One big question for the future of health insurance in America concerns the future of health savings accounts, Tatom said. Obamacare is designed to reduce these types of policies by removing their tax incentives, he said. But many employers have recently launched new programs that, in practice, function much like HSAs, he said.

Walgreens, Sears Holding and Darden Restaurants are a few big employers that  recently have opted to give their employees cash to allow them to shop for their own health insurance coverage, Tatom noted. This allows employers to take uncertainty out of their health-care costs and, to some degree, could make the health insurance market more competitive, he said.

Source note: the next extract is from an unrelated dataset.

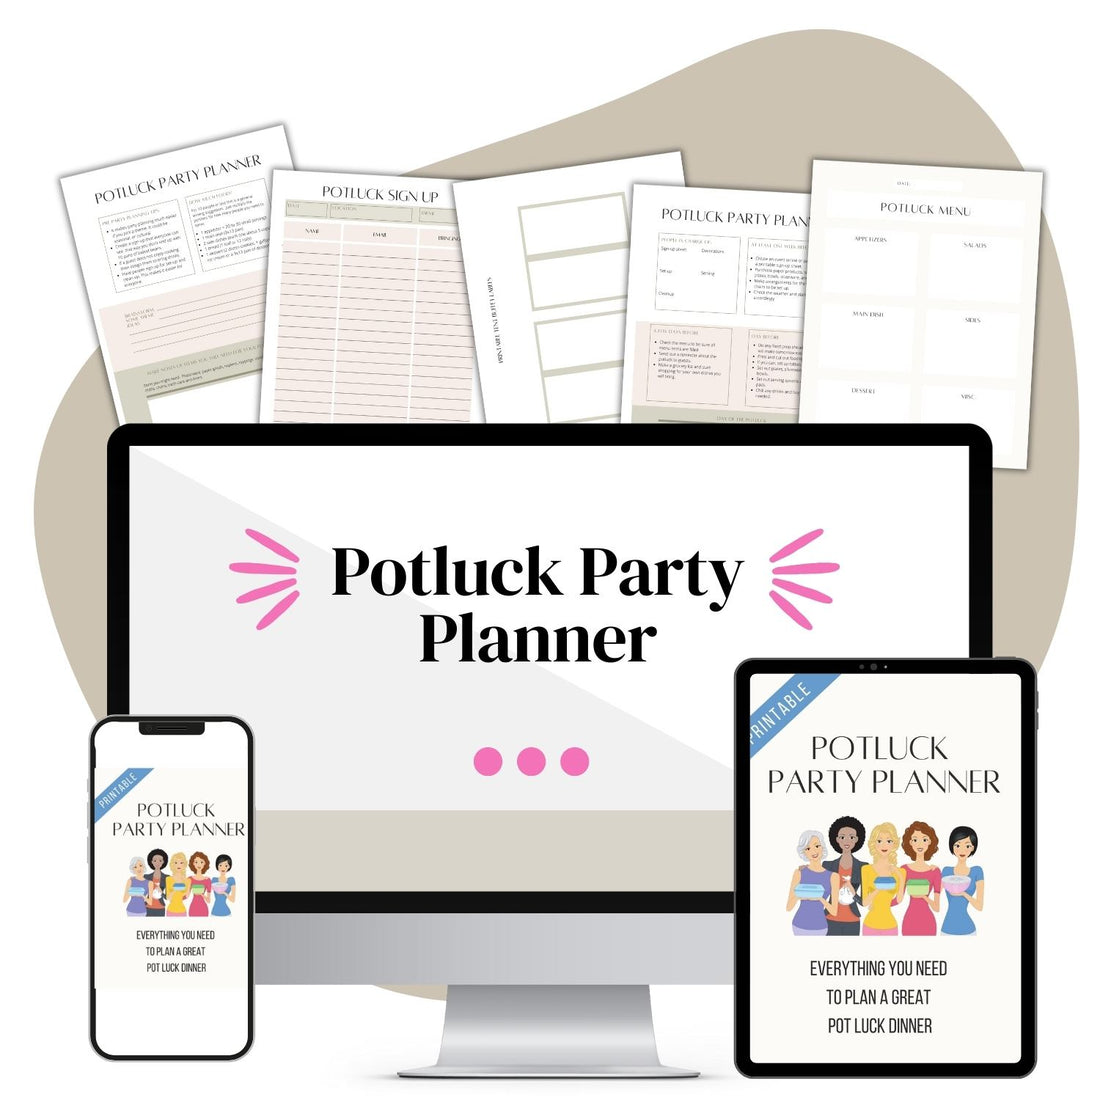 Potluck Party Planner

But health insurance costs can only fall so much. Obamacare requires coverage for more health-care services than before, leading many people to expect higher premiums.

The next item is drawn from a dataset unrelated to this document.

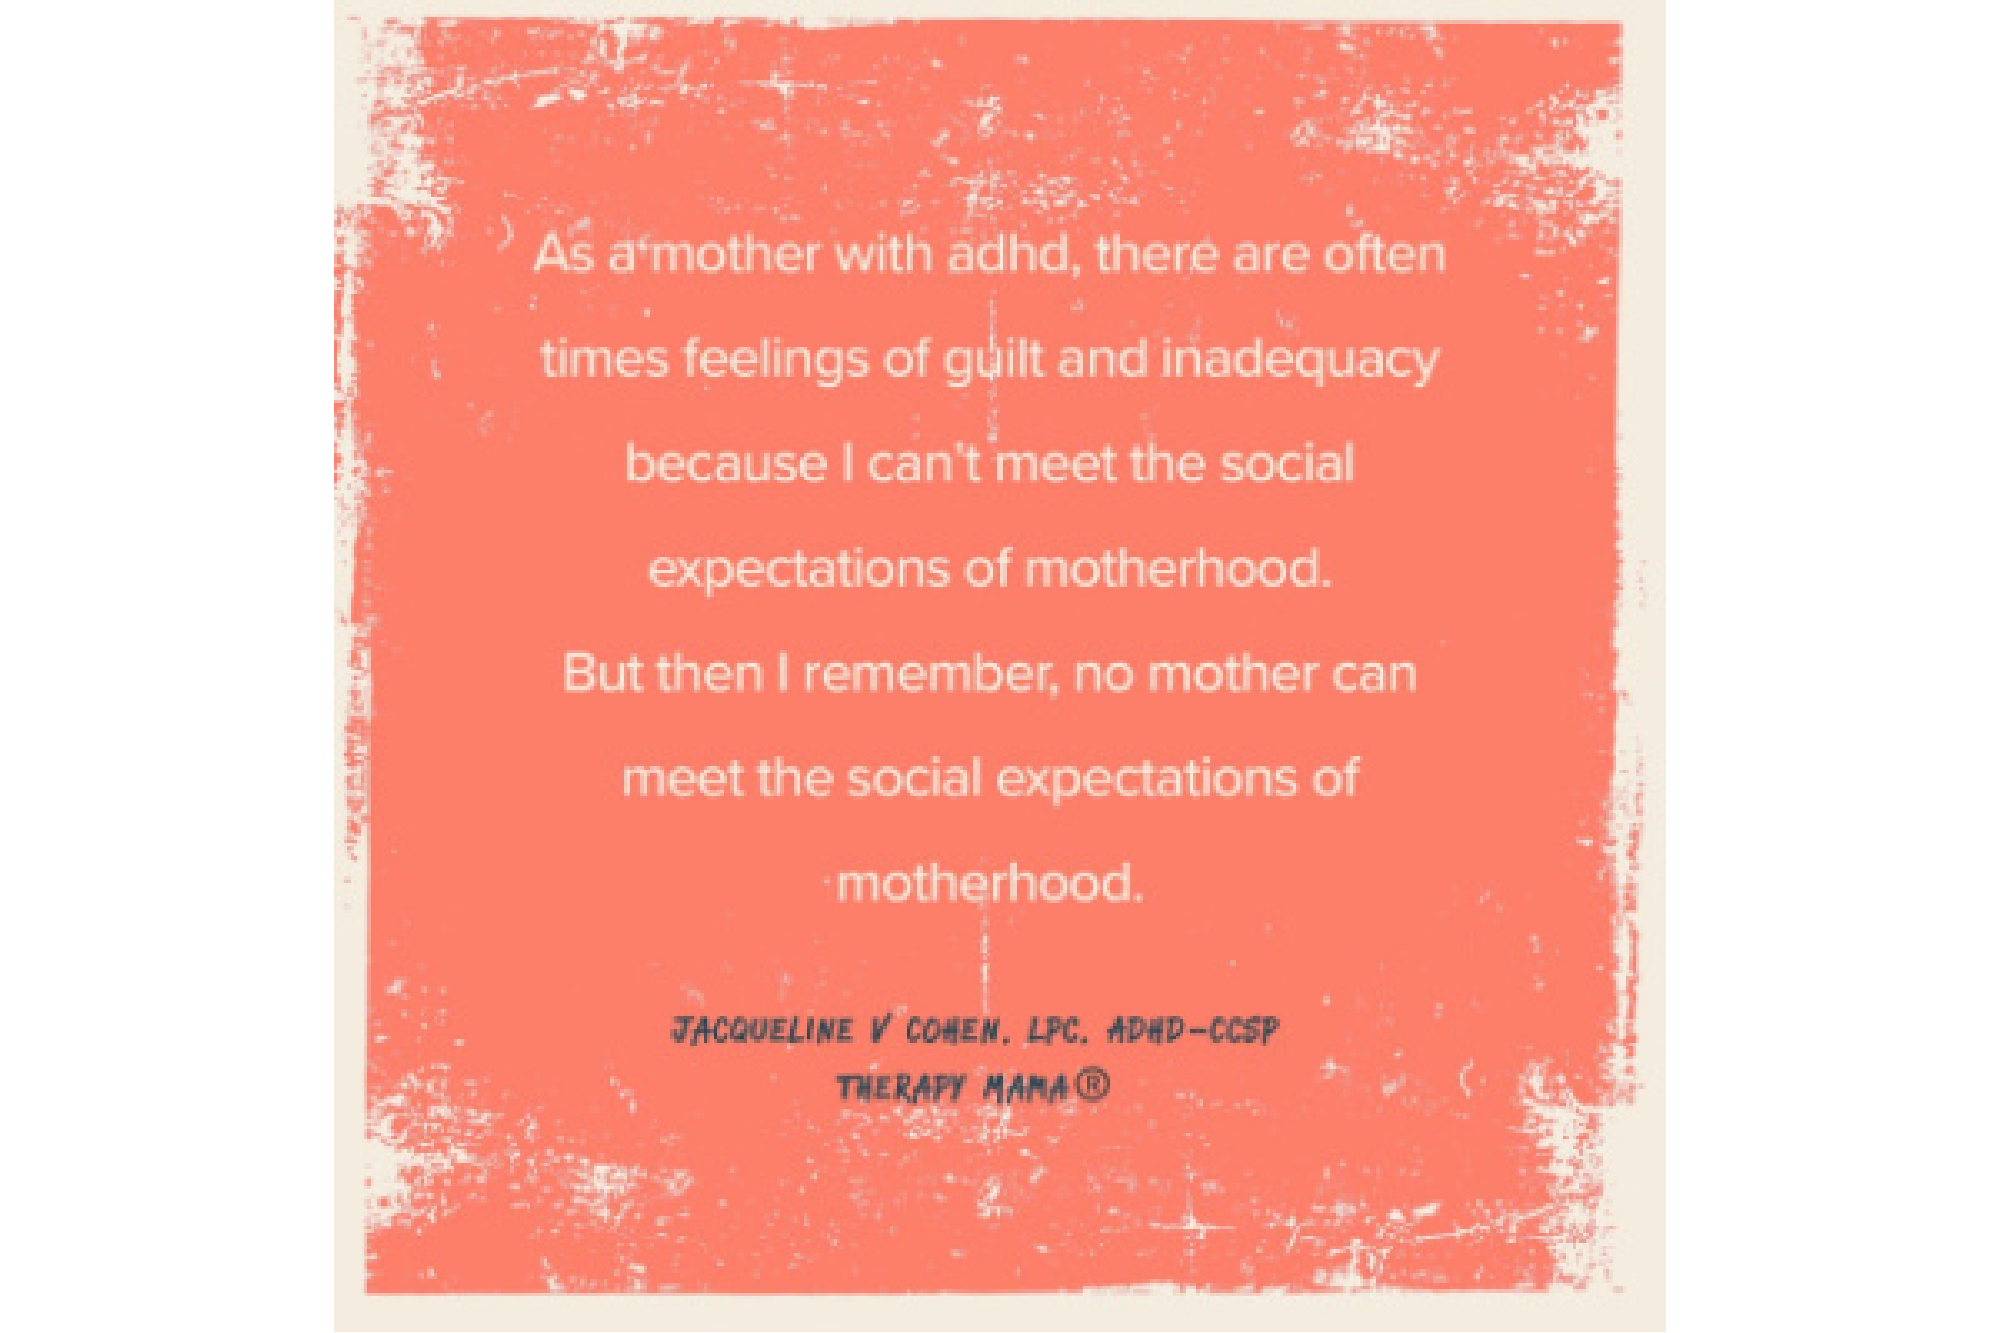 Message about Motherhood and ADHD

Consumers “won’t be able to choose too cheap of a policy because they have to buy some benefits that they didn’t have to buy earlier,” Tatom said. Obamacare mandates more preventive-care coverage, for example, he noted.

“The question about future costs under [the ACA] is difficult to answer because so much depends on participation rates, availability of health-care providers and so forth,” Troxel wrote. “So a lot of variables are yet to be known.”

Young adults covered

Another big change resulting from Obamacare that shows up in the Census data involves Americans ages 19 to 25. The Affordable Care Act allows people up to age 26 to remain on their parents’ insurance policies. As a result, the percentage of 19- to 25-year-olds without insurance dropped to 27.2 percent in 2012, after reaching nearly 30 percent two years before.

“That makes a lot of sense,” Skinner said.

The number of people younger than 18 without insurance also declined in 2012, Skinner noted. That may be a result of Medicaid expansion in some states. It also could be a result of the improving unemployment situation, as newly hired adults add their children to their workplace policies, he said.

Asked whether private insurance coverage will drop dramatically under Obamacare, Skinner said the National Center for Children in Poverty doesn’t believe so.

“We really don’t anticipate that,” he said. “We think [the Affordable Care Act] is really just going to be picking up folks that are uninsured.”